Preliminary Findings on the Use of Osteopathic Manipulative Treatment: Outcomes During the Formation of the Practice-Based Research Network

Brian F. Degenhardt, DO; Jane C. Johnson, MA; Shanin R. Gross, DO; Celia Hagan, BSN; Gregg Lund, DO; and William J. Curry, MD, MS
Notes and Affiliations
Notes and Affiliations

Received: March 13, 2013

Accepted: October 20, 2013

Published: March 1, 2014

J Osteopath Med; 114(3): 154-170

Context: Context: Few studies have assessed the use of osteopathic manipulative treatment (OMT) and subsequent patient-reported outcomes.

Objectives: To assess the current use of OMT and associated patient-reported outcomes.

Methods: A retrospective medical record review and a prospective observational study was conducted in two university-based sites and their clinics associated with the practice-based research network DO-Touch.NET. Participants were patients aged 18 years or older who received OMT. Medical records from 2007 were retrospectively reviewed to identify conditions being managed with OMT. From 2008 to 2010, patients were recruited before seeing their physicians. Questionnaires were distributed to patients and physicians, and information including demographics, chief complaints, symptom severity, current and past treatments, interference of symptoms with quality of life, physical examination findings, diagnoses, OMT performed, and immediate patient response to OMT was collected. A subset of patients provided data on symptom severity and frequency and other treatments daily for the 7 days after OMT. On day 7, symptom interference with quality of life was reassessed.

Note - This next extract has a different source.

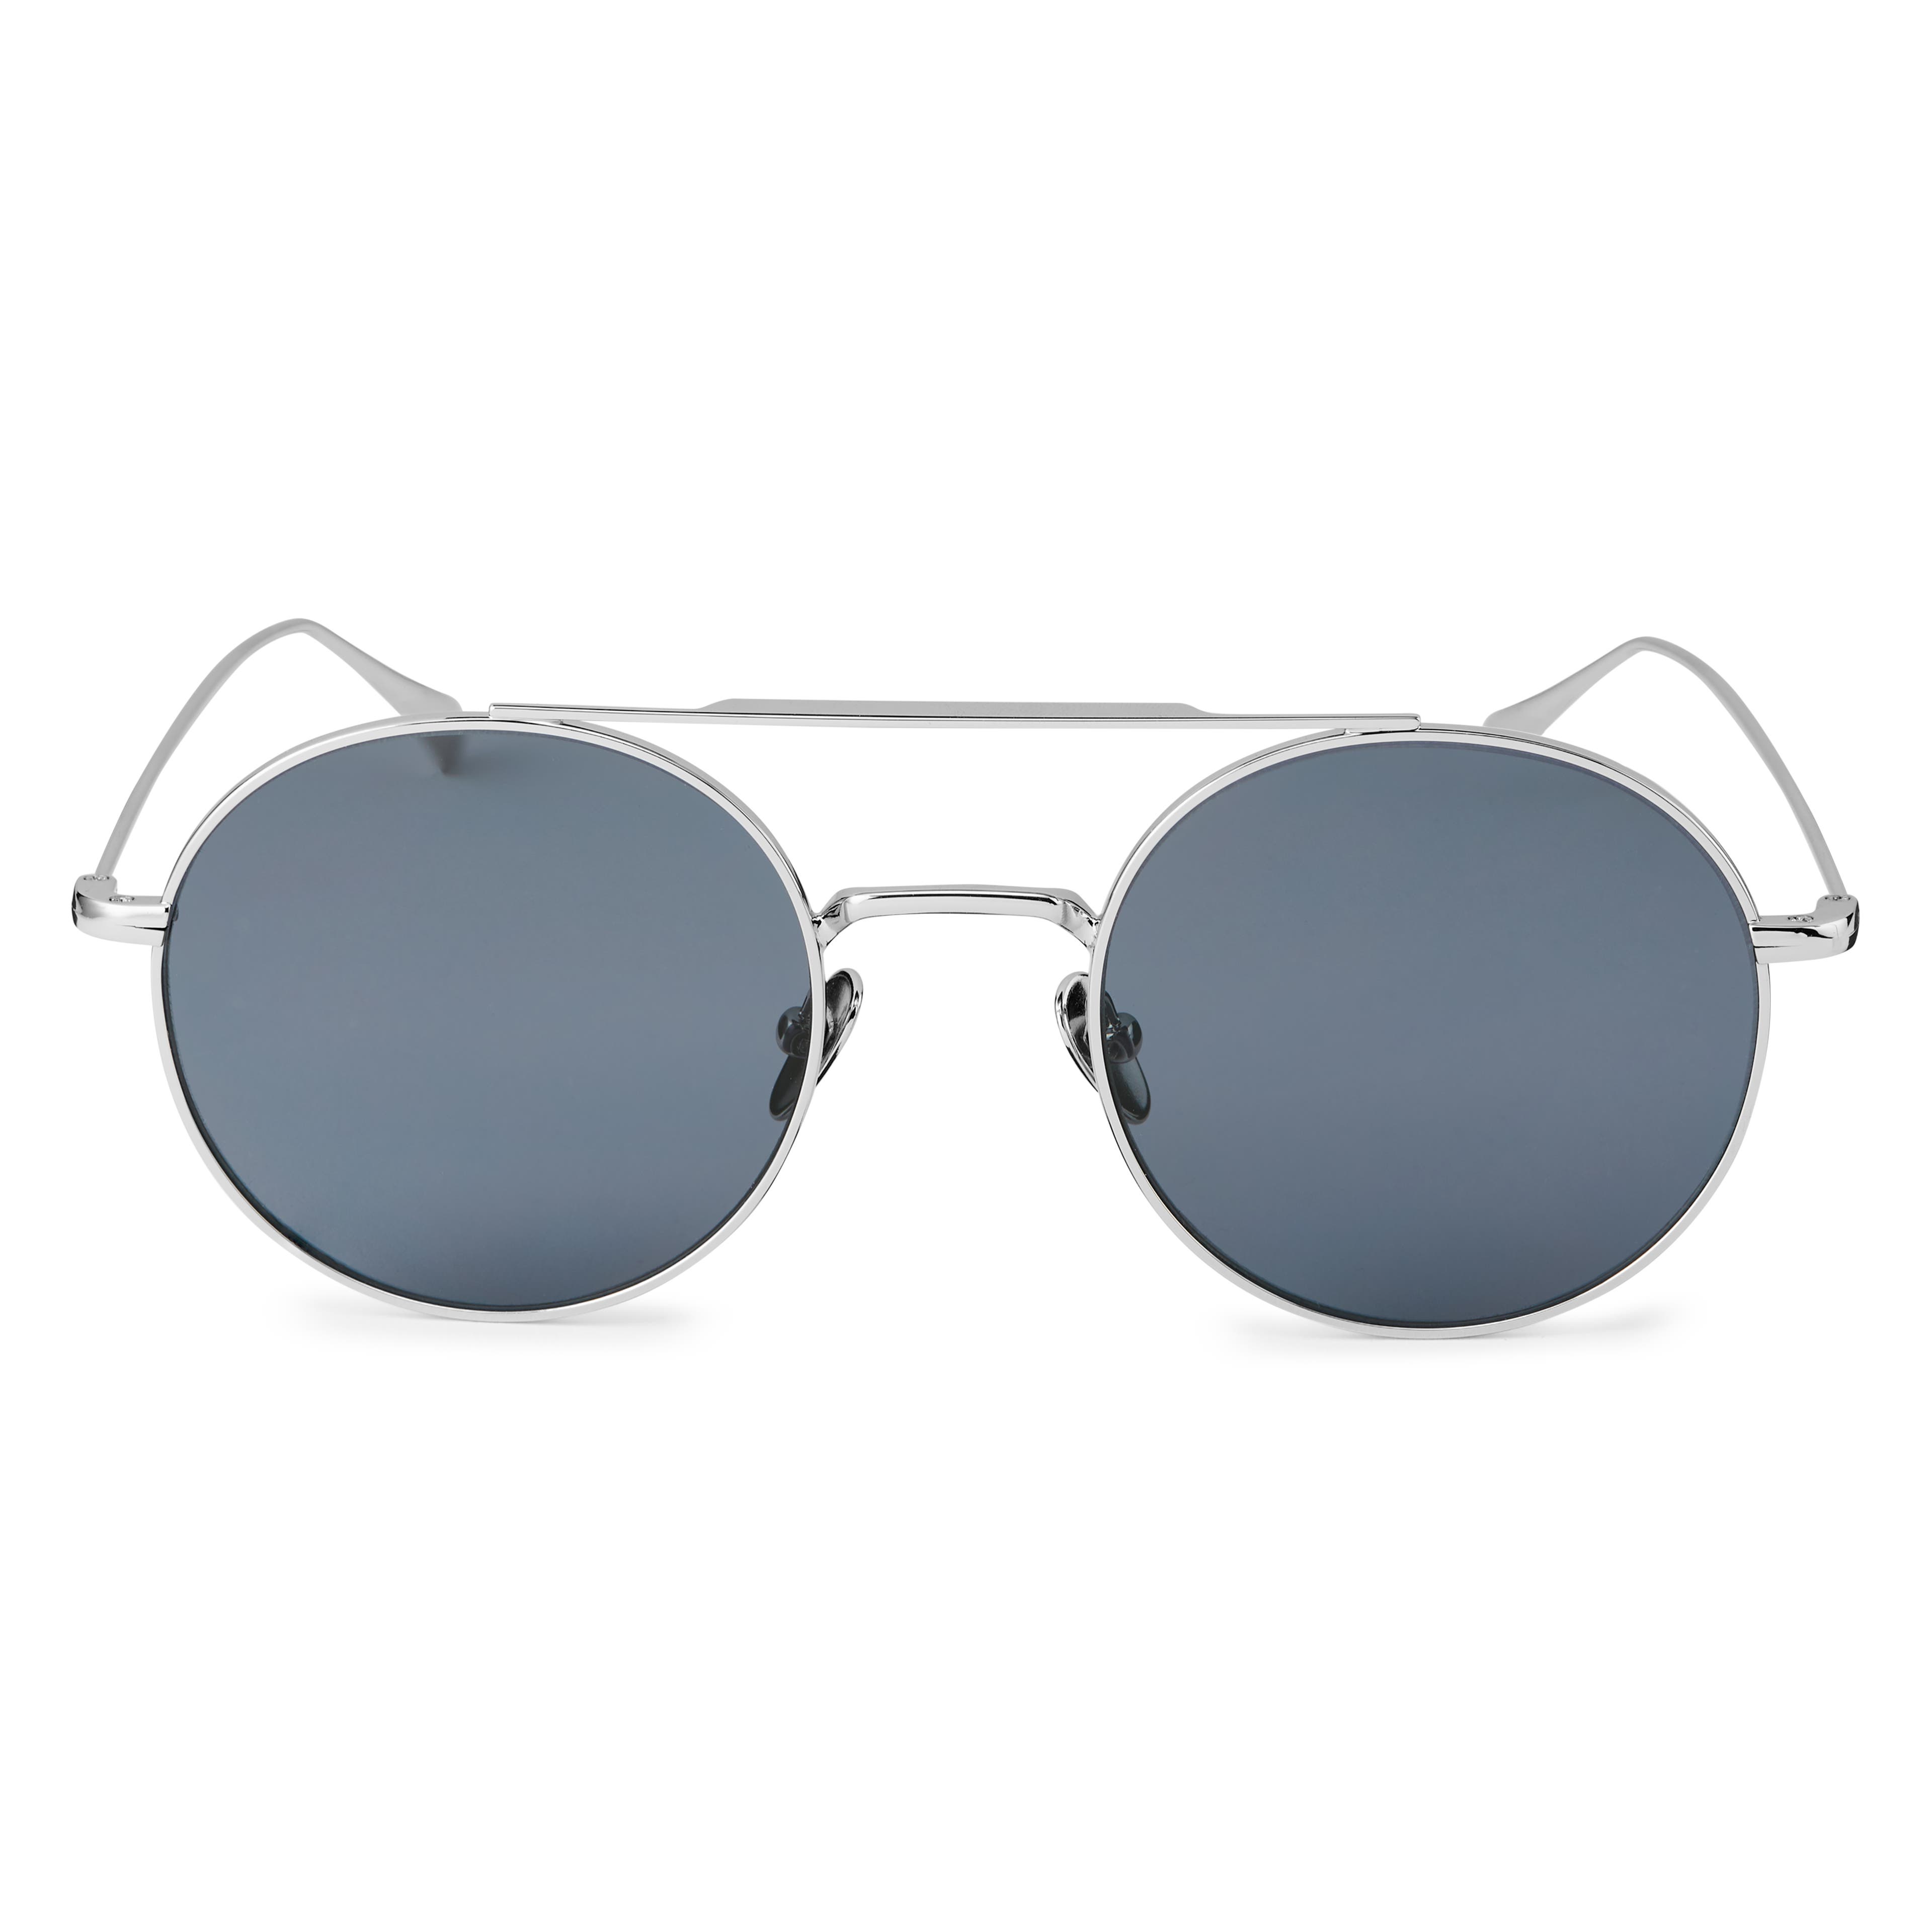 Thea | Silver-Tone & Smoke Grey Stainless Steel Round Sunglasses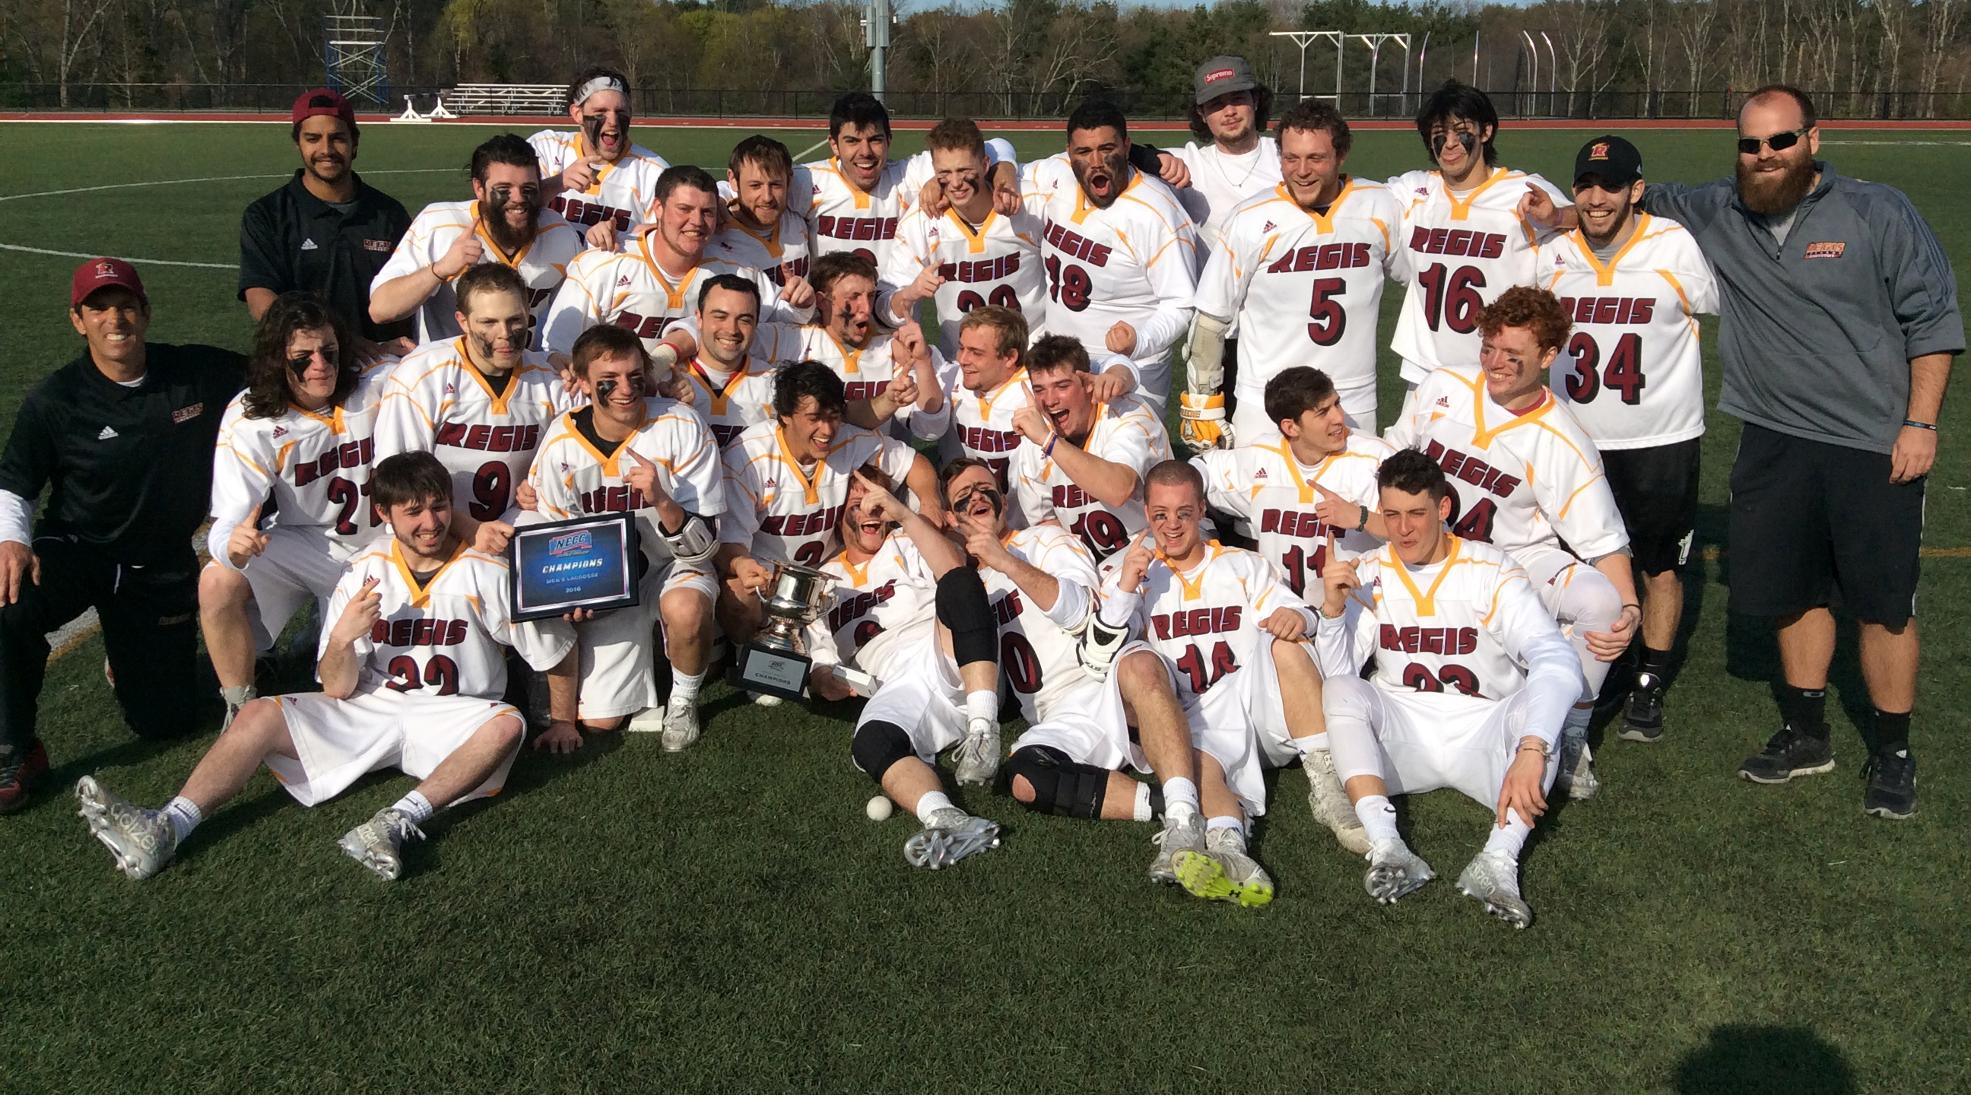 PRIDE MEN CAPTURE FIRST CONFERENCE TITLE, BEAT BECKER 10-6

Results: Retrospective data were collected from 2569 office visits, and prospective data were collected from 299 office visits (patient age range, 18-93 years). In the medical record review, 17 of the top 25 diagnoses (68%) were related to musculoskeletal conditions. In the prospective study, 18 of the top 24 medical diagnoses (75%) were related to musculoskeletal conditions. Immediately after OMT, patients at 271 of 296 office visits (92%) felt better or much better; those at 5 (<2%) felt worse. After 7 days, patients at 126 of 175 office visits (72%) felt better or much better, and those at 10 (6%) felt worse. Average and worst symptom severity decreased until post-OMT days 4 and 5, respectively, when severity leveled off. There was decreased interference of symptoms with quality of life from before OMT to 7 days after OMT in usual/general activities, sleep, mood, and relationships (all P⩽.05).

Conclusions: These preliminary results suggest that for adults, OMT is predominantly used for managing musculoskeletal pain conditions and is effective for short-term symptom relief. Continued surveillance of DO-Touch.NET member practice outcomes may help identify priorities for osteopathic research and define evidence-based standards for OMT practice and training.